- EXERCISE PROMPT -
Write the listing out again word for word. Pictures do not belong in the copy.

- DATA PROVIDED -
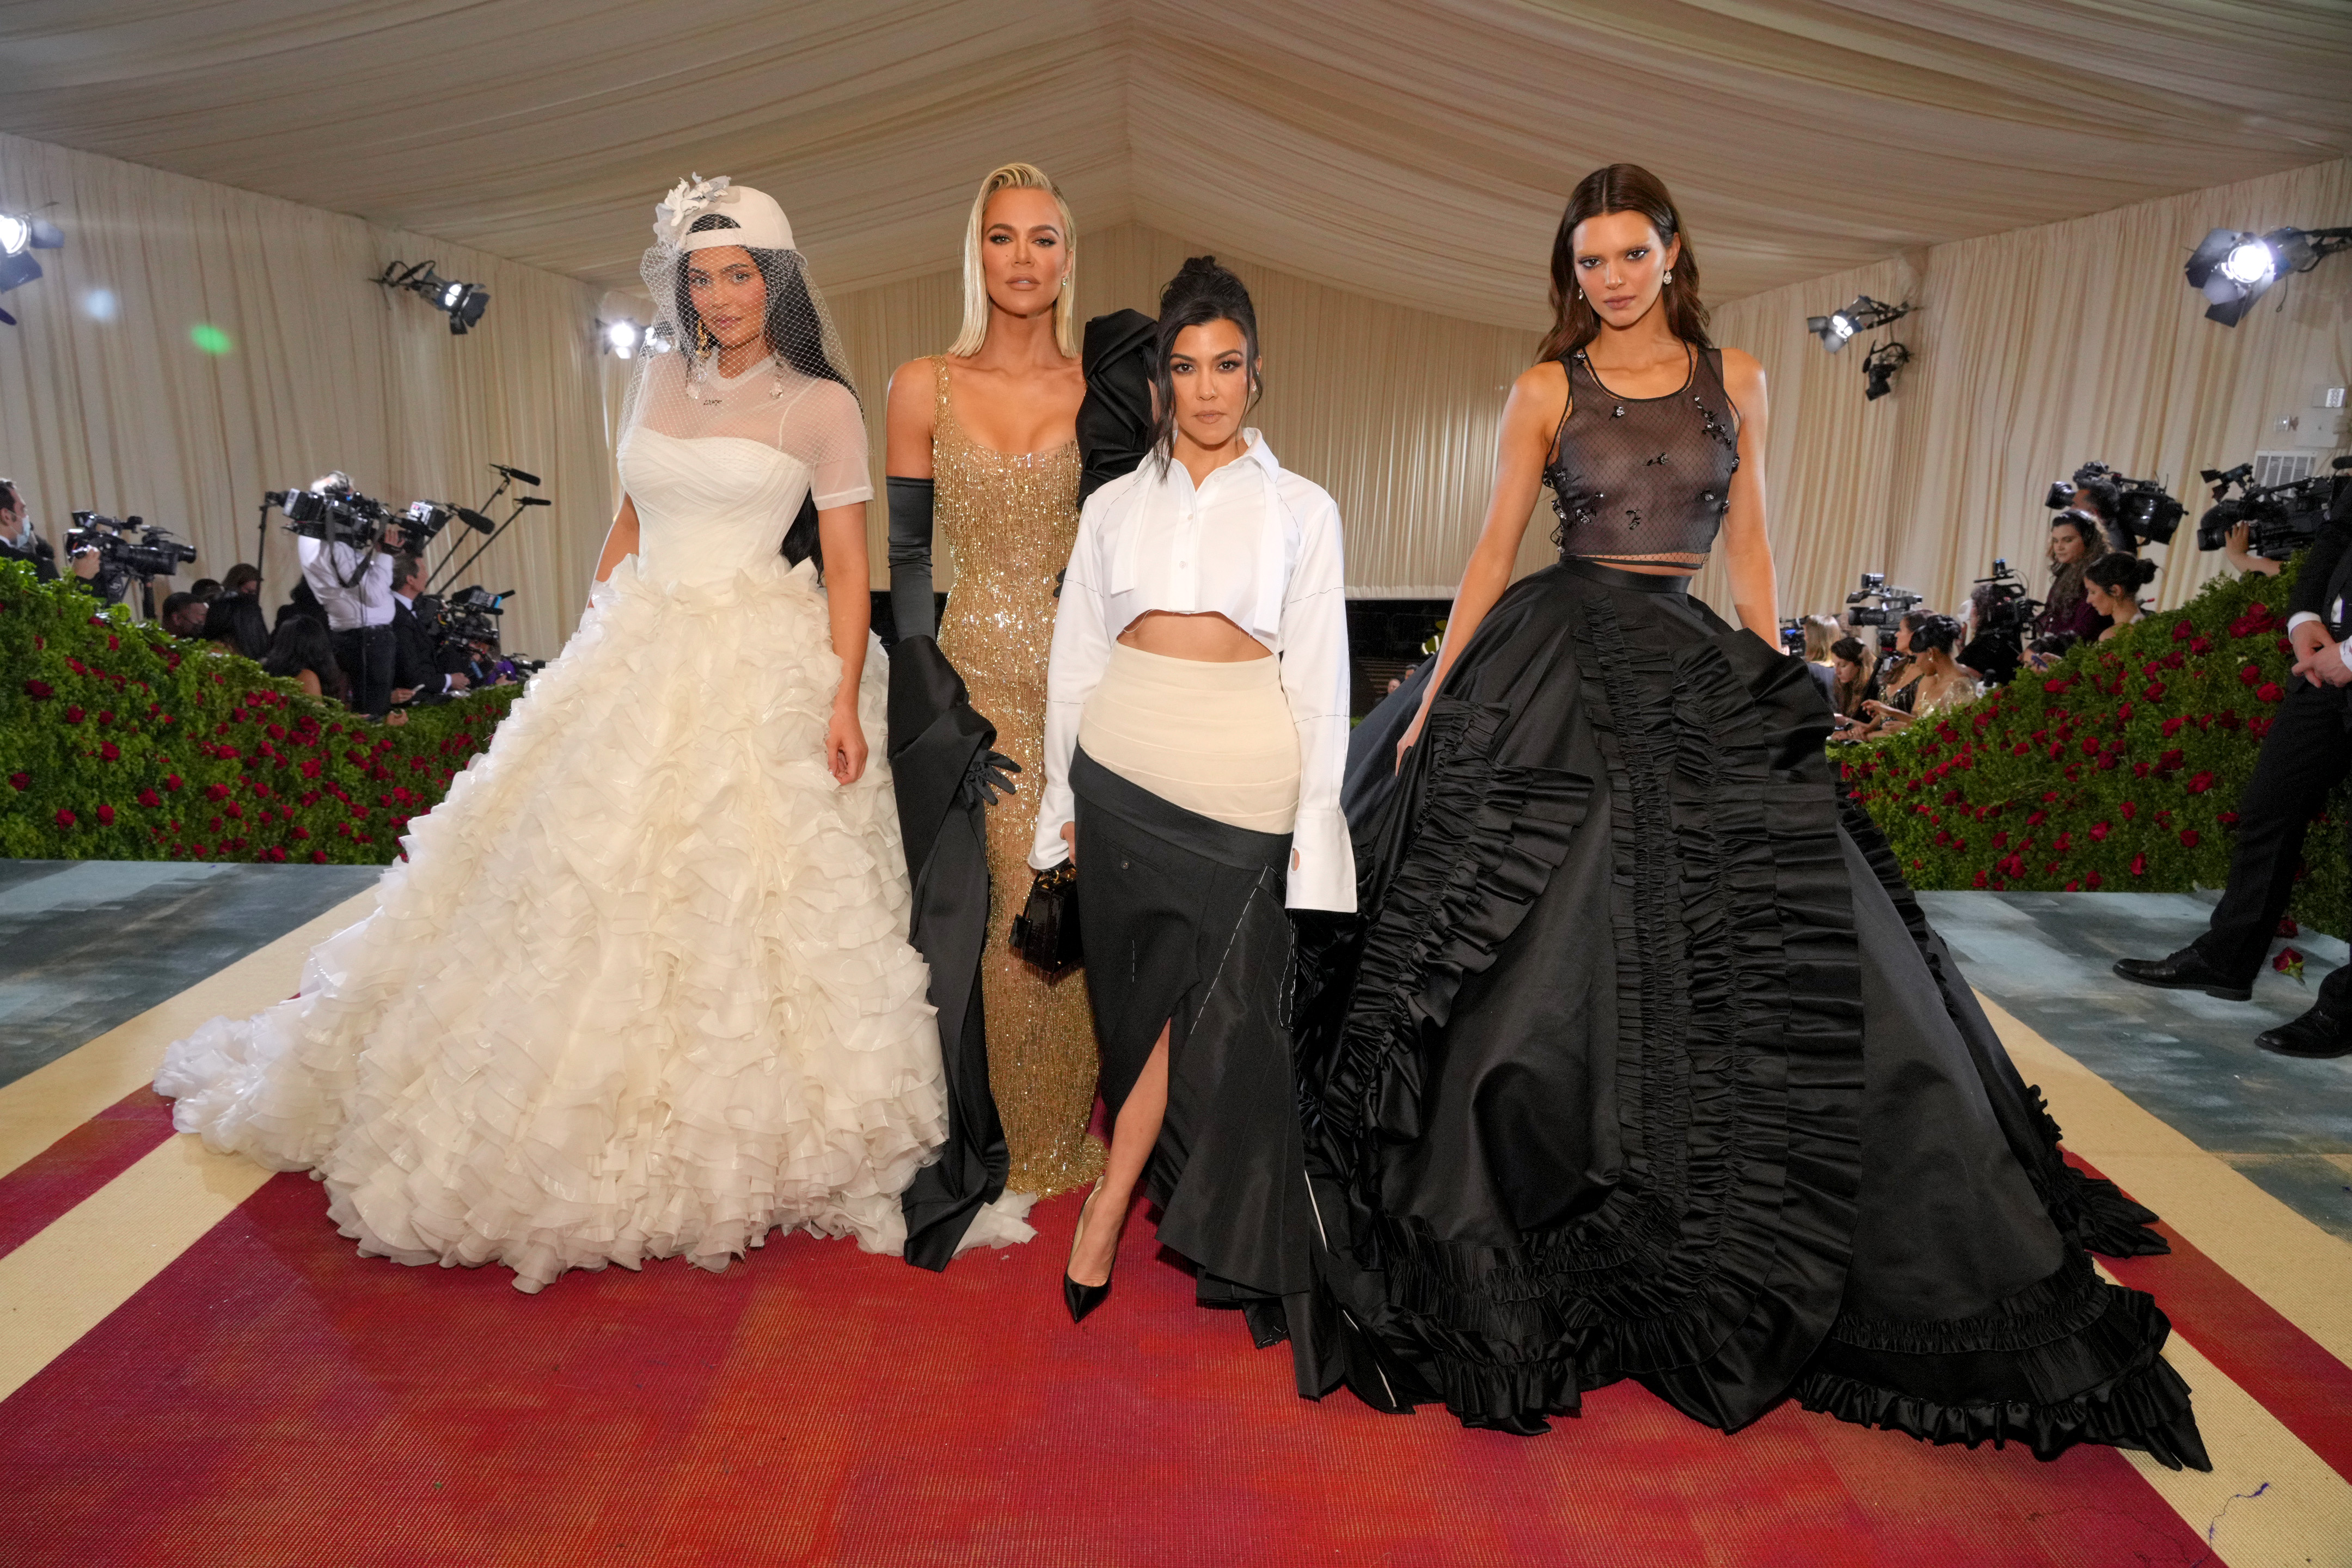 Met Gala 2023 guest list: Kardashians banned
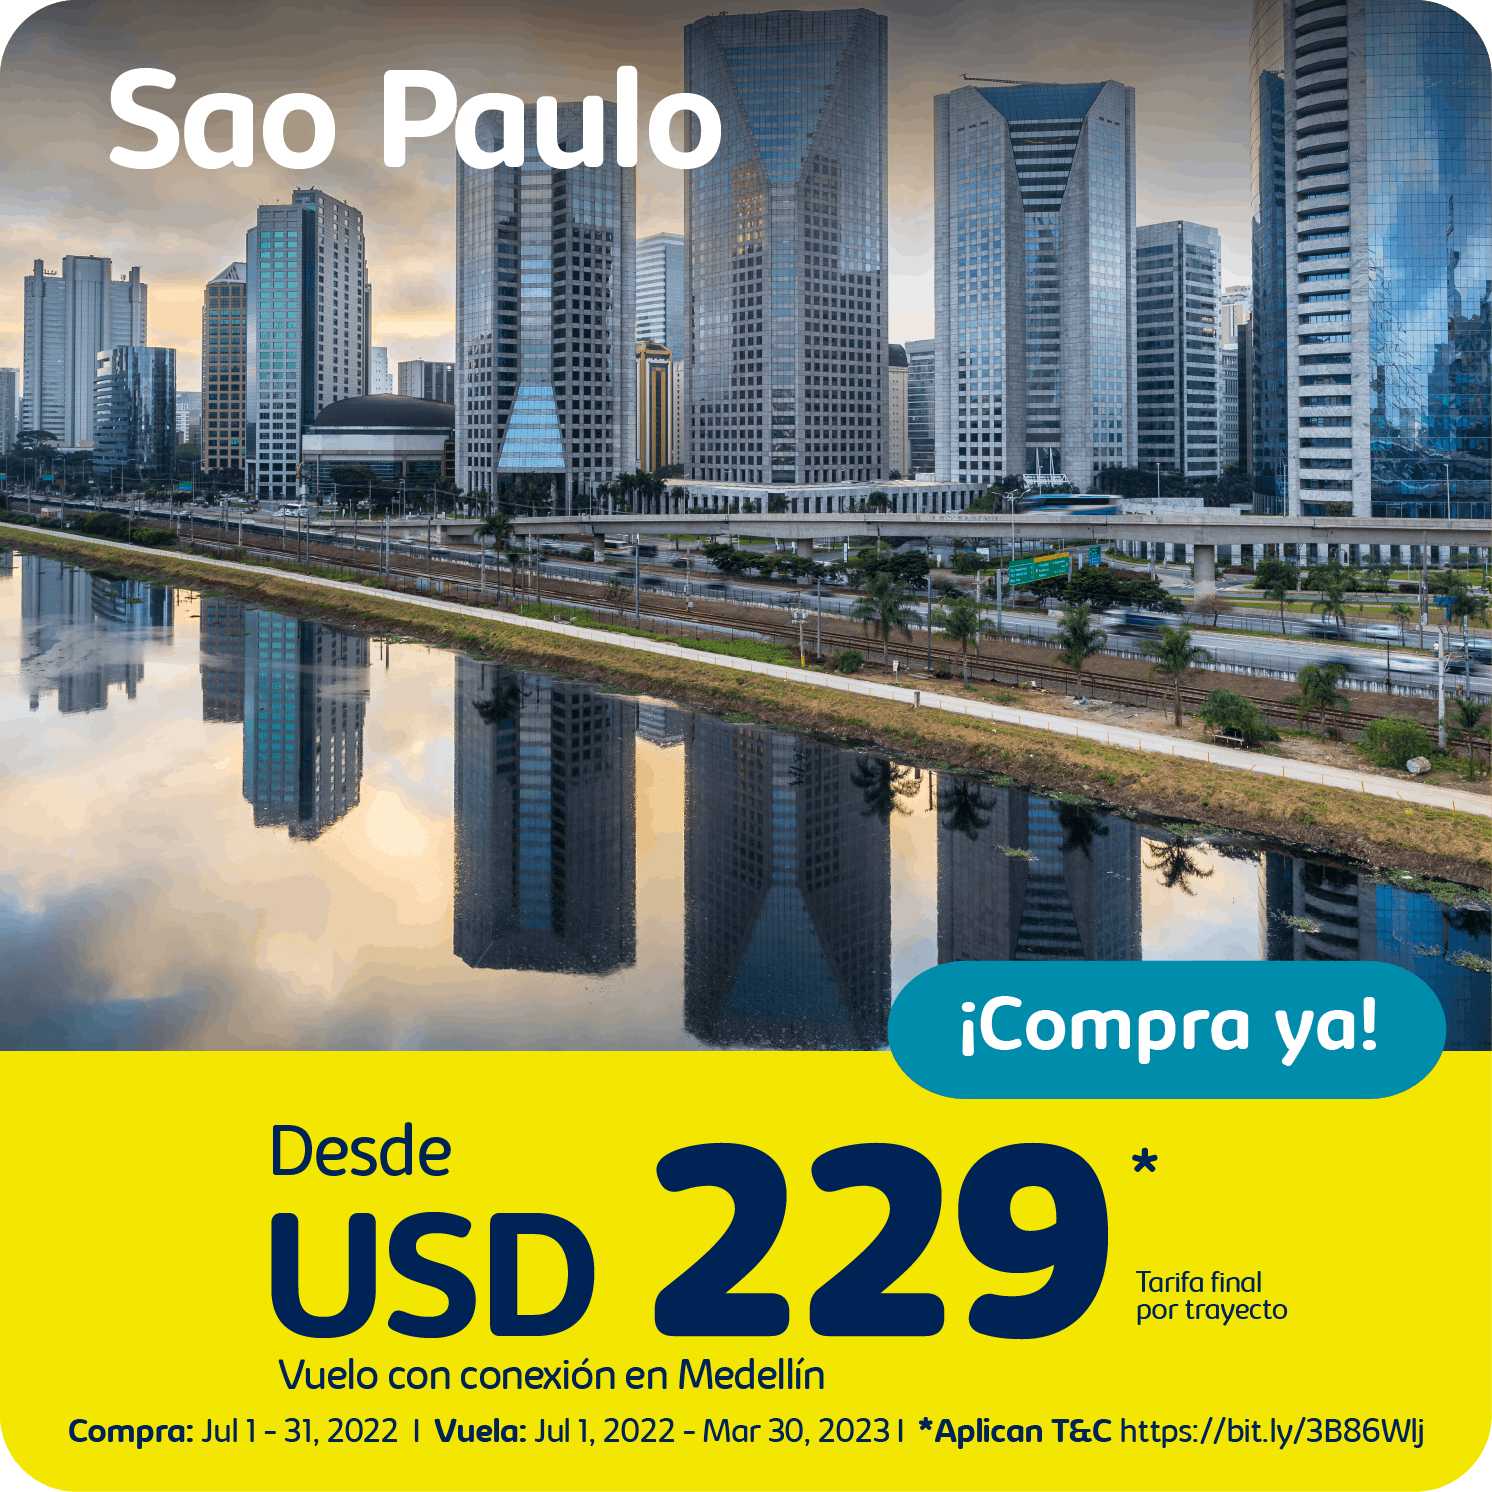 Vuela a Sao Paulo
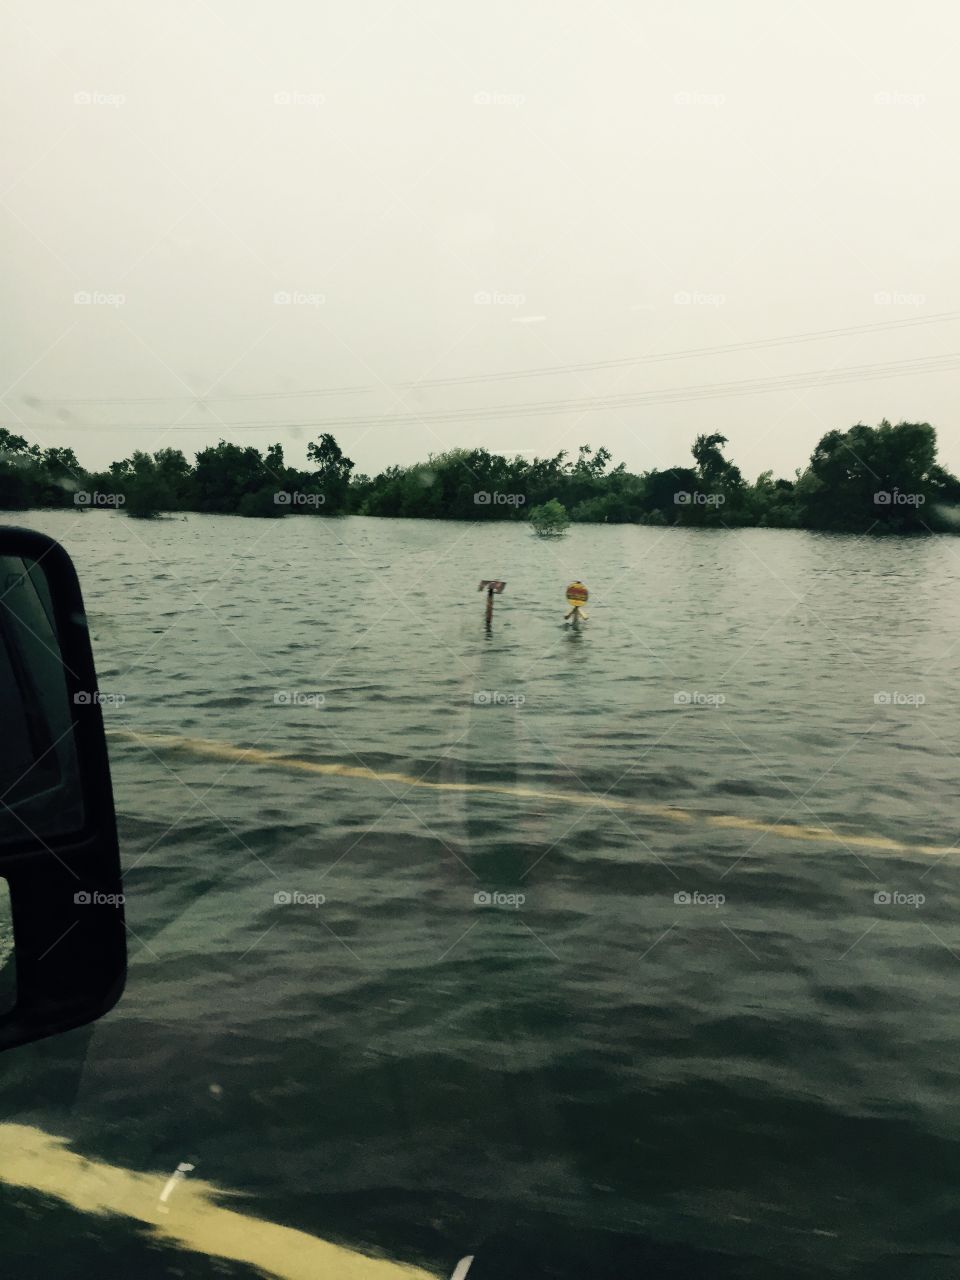 Flooding from hurricane Harvey

- ANSWER AREA -
 Met Gala 2023 guest list: Kardashians banned
 Vuela a Sao Paulo
 Flooding from hurricane Harvey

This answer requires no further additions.